Demikianlah peran wanita sebagai ibu dan laki-laki sebagai ayah dalam kitab Manawa
Dharmasastra. Semuanya memiliki peran masing-masing untuk mencapai keharmonisan sehingga
menjadi keluarga yang sukinah.

10
BAB III
PENUTUP

3.1 Kesimpulan
Perempuan pada hakikatnya adalah makhluk Tuhan yang diciptakan dengan keistimewaan.
Wanita dalam Manawa Dharmasastra memiliki kedudukan yang sejajar dengan lakilaki, yang
membedakan wanita dan laki-laki hanya tugas dan fungsinya, perbedaan tersebut yang membuat
wanita dan laki-laki saling melengkapai satu sama lain. Wanita adalah makhluk yang harus dijaga
kehormatannya karena kitab suci Veda khususnya Manawa Dharmasastra menempatkan wanita
pada posisi yang terhormat.

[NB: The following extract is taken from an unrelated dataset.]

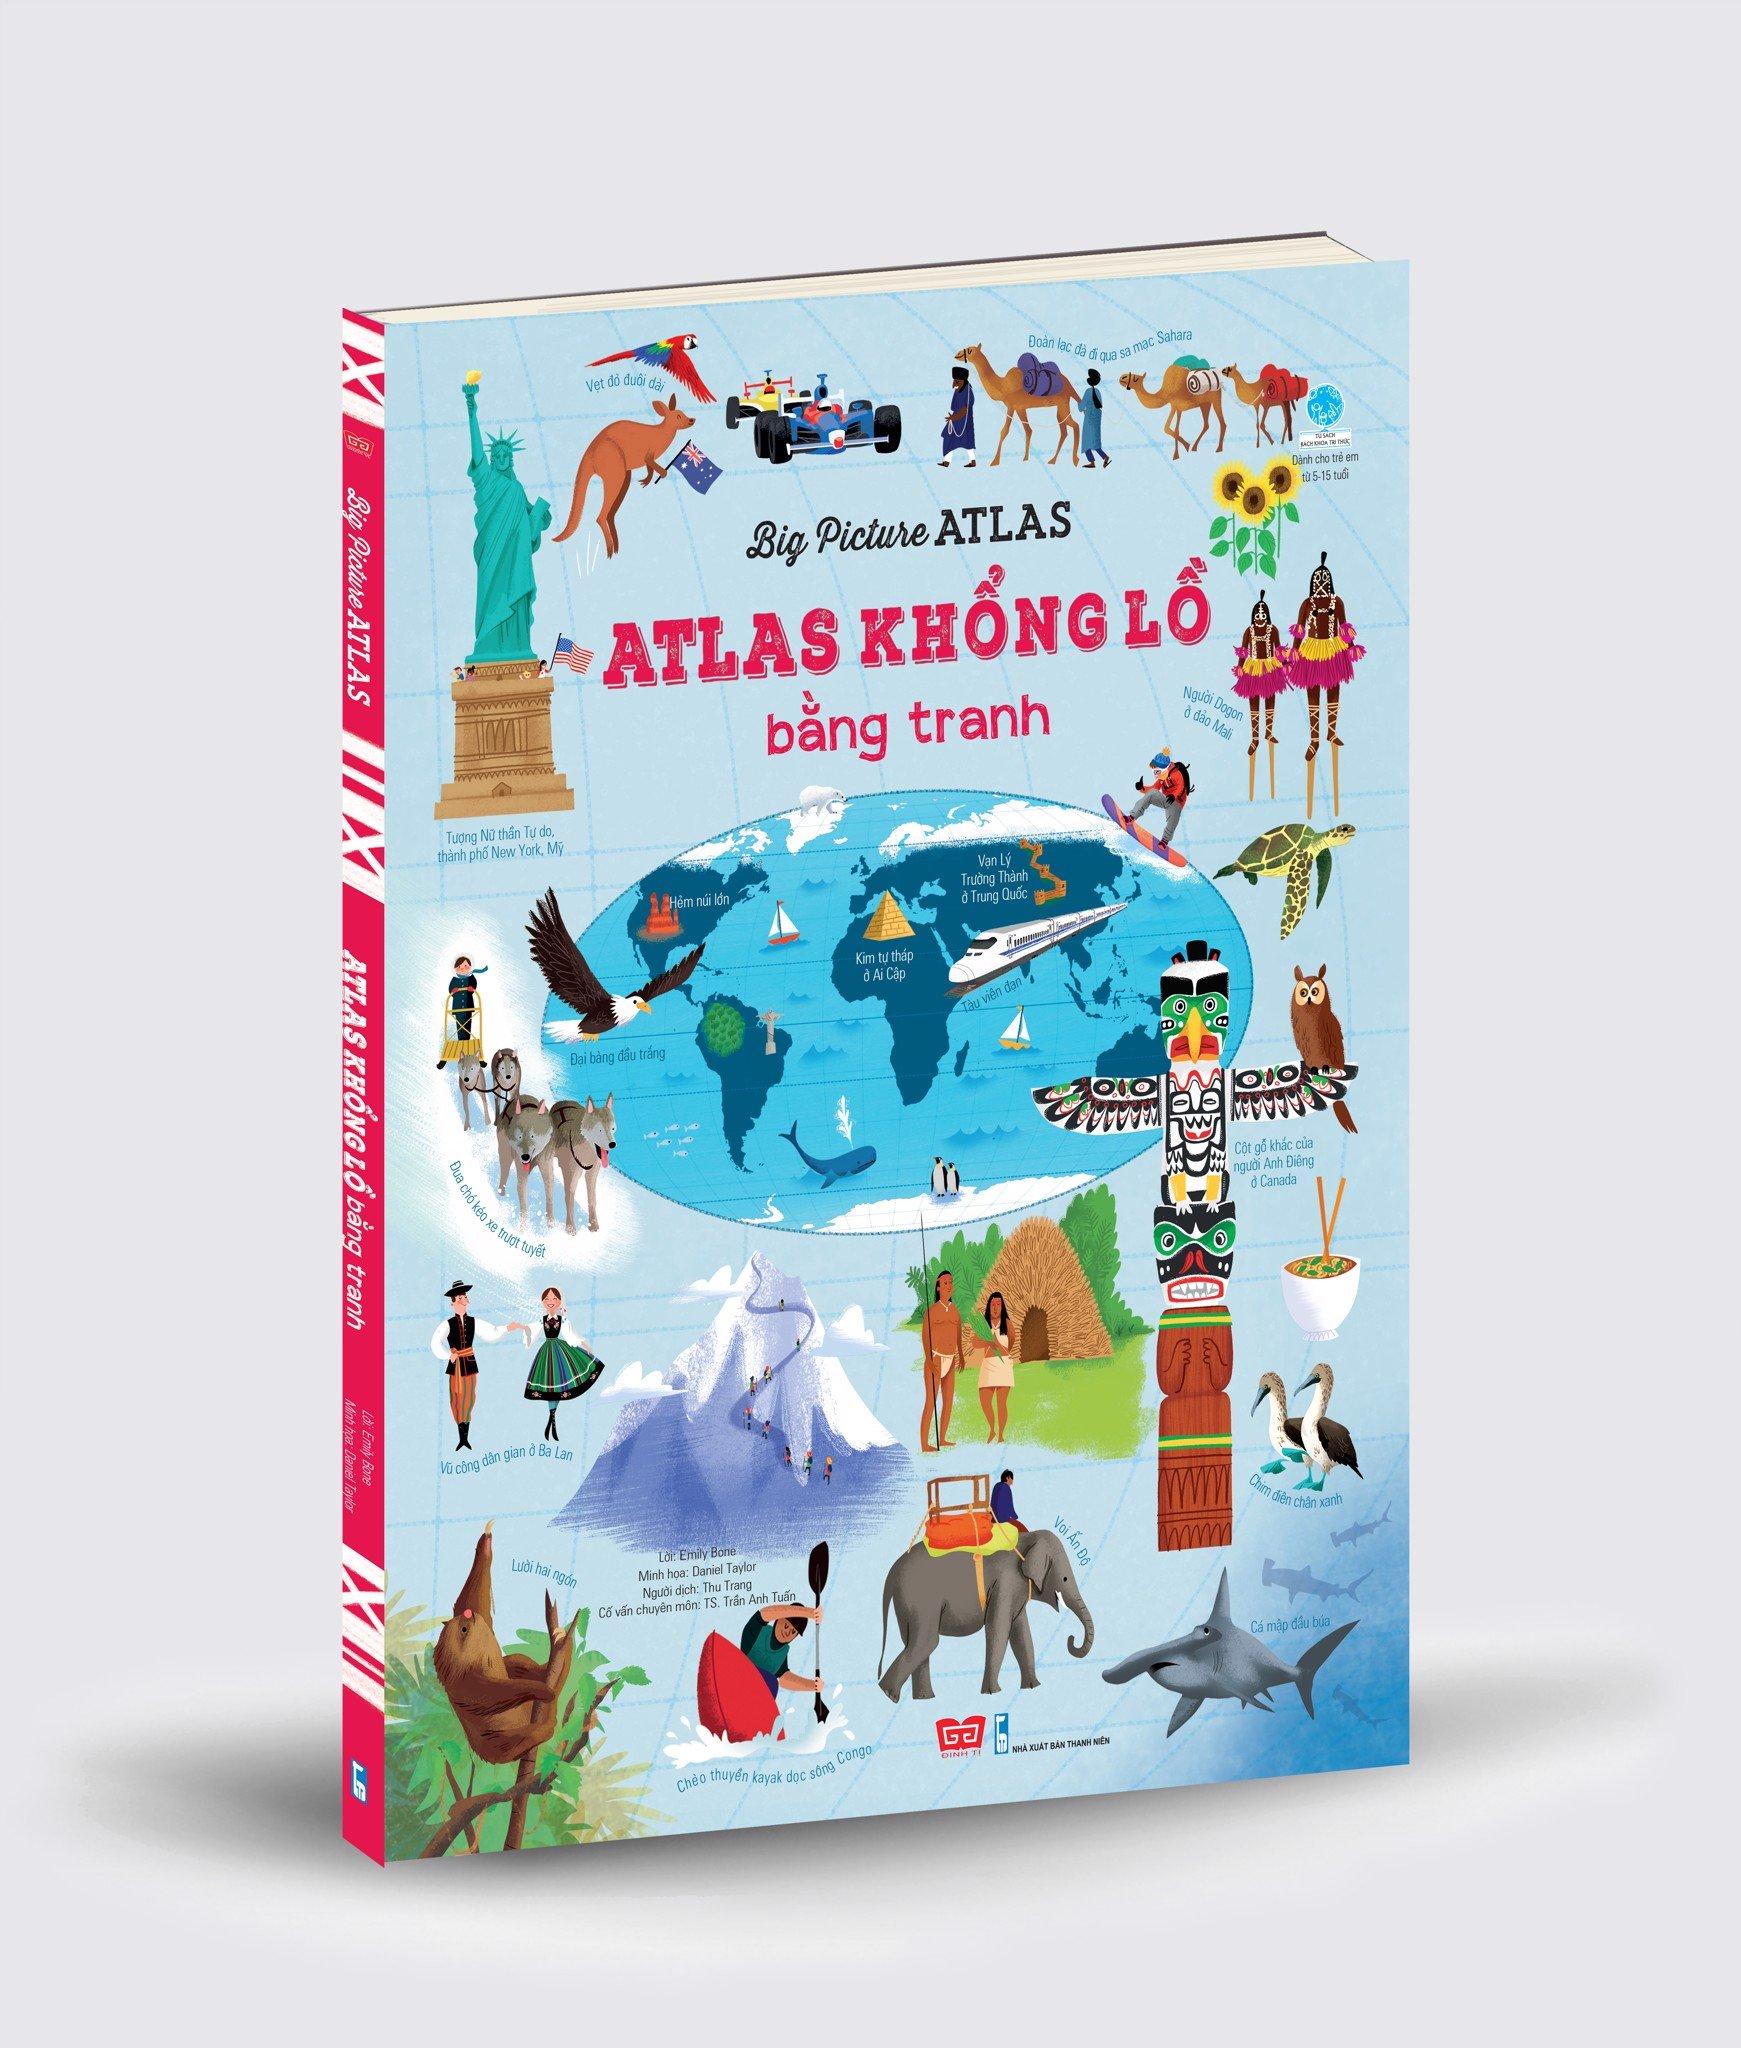 Big Picture Atlas - Atlas khổng lồ bằng tranh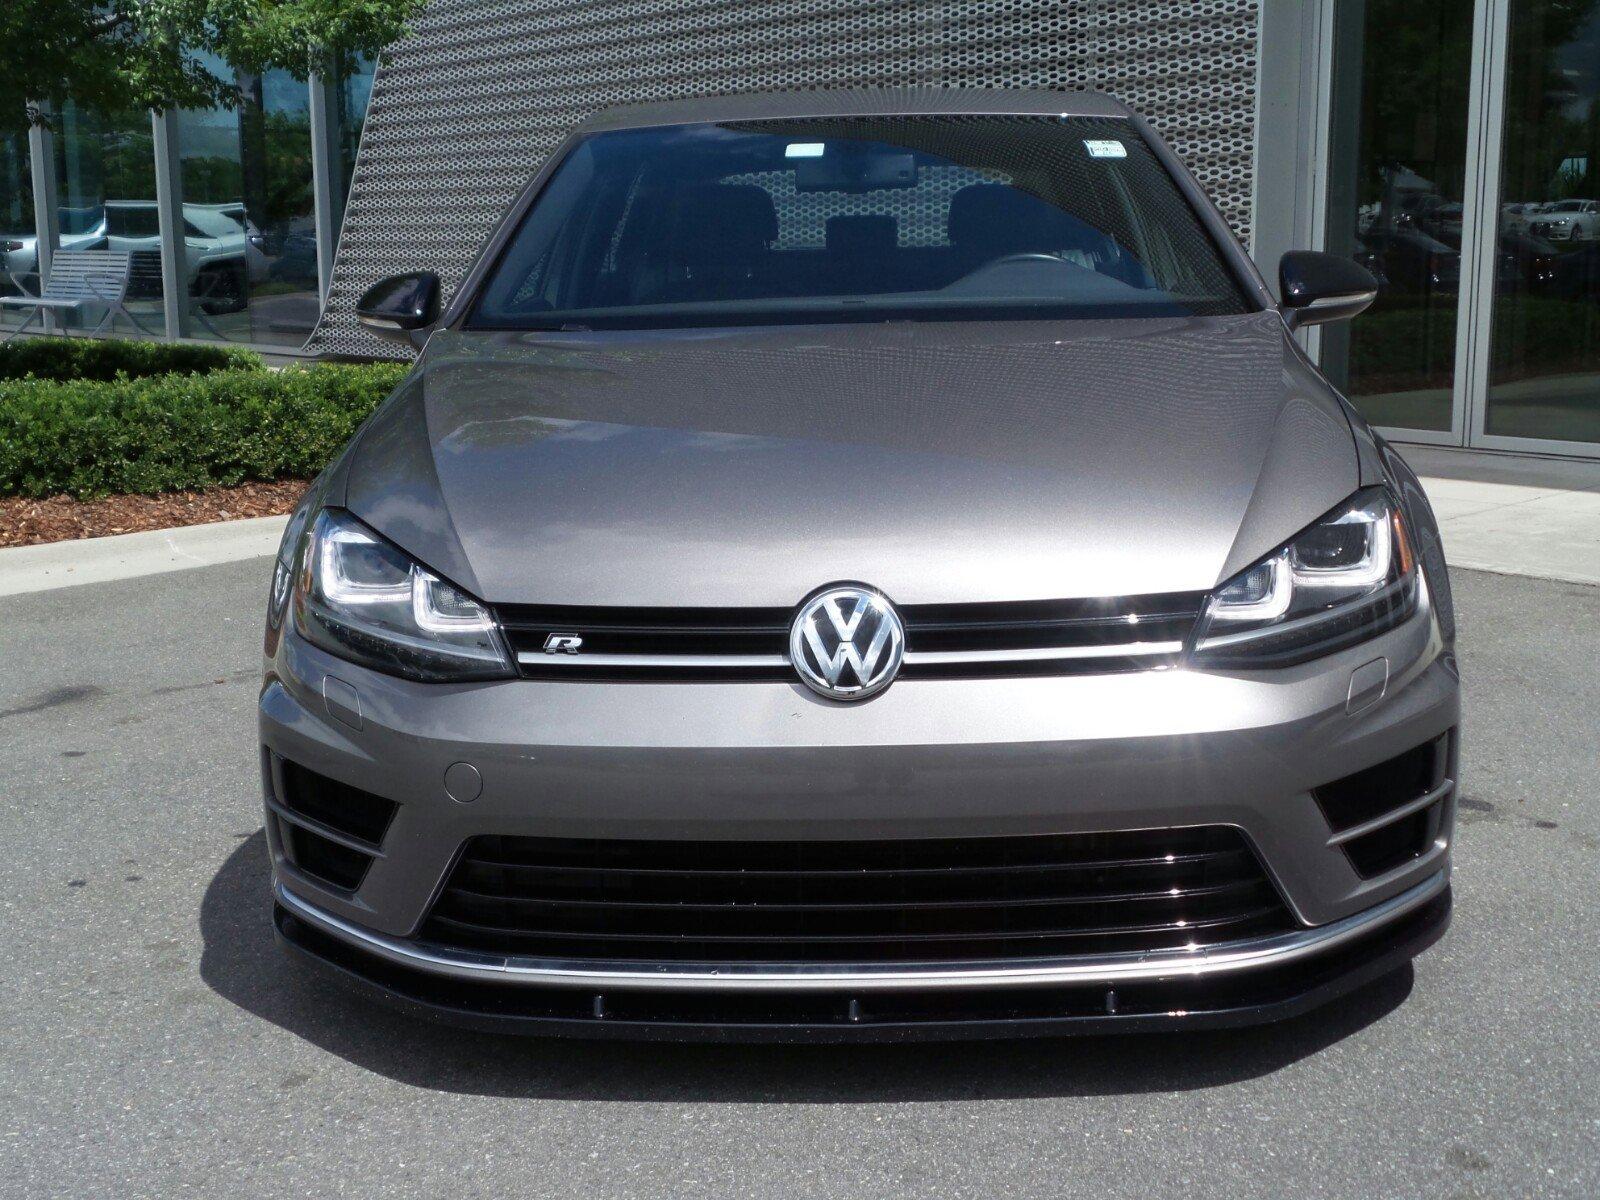 Pre-Owned 2016 Volkswagen Golf R 4dr HB Man

Kesejahteraan dalam kehidupan ini tercermin dari kehidupan wanita.
Jika wanita bahagia dan dihormati maka kehidupan akan sejahtera, serta semua makhluk akan
berbahagia. Wanita juga merupakan lambang kesuburan karena dalam Manawa Dharmasastra
kedudukan wanita sebagai Pṛthivī (tanah). 2. Wanita dalam Manawa Dharmasastra berperan
sebagai istri dan sebagai ibu. Wanita sebagai istri harus memiliki wajah yang berseri-berseri agar
suami selalu mencintai istrinya, sehingga tidak berpaling ke wanita lain, wanita harus setia pada
suaminya karena kesetian dalam sebuah rumah tangga adalah yang utama.

3.2 Saran
Adapun saran-saran penulis dalam penulisan ini adalah sebagai berikut :
1. Agar wanita selalu menjaga eksistensi dirinya dalam masyarakat.
2. Agar laki-laki tidak menganggap wanita rendah dan menghargai harkat dan martabat
wanita yang terdapat dalam sastra-sastra Hindu.
3. Kepada akademisi untuk selalu mengkaji teks-teks kitab suci Hindu agar selalu dapat
mengungkap kebenaran dalam Agama Hindu.

11
DAFTAR PUSTAKA

Lestari, D. 2016. Eksistensi Perempuan Dalam Keluarga. MUWAZAH ISSN 2502-5368 (Paper)
ISSN 2085-8353 (Online) Vol. 8, No.2.
Pudja, G. M.A dan Tjokorda Rai Sudharta, M.A. 2004. Manawa Dharmasastra. Surabaya:
Paramita
Subali, Ida Bagus. 2008. Wanita Mulia Istana Dewata. Surabaya: Paramita.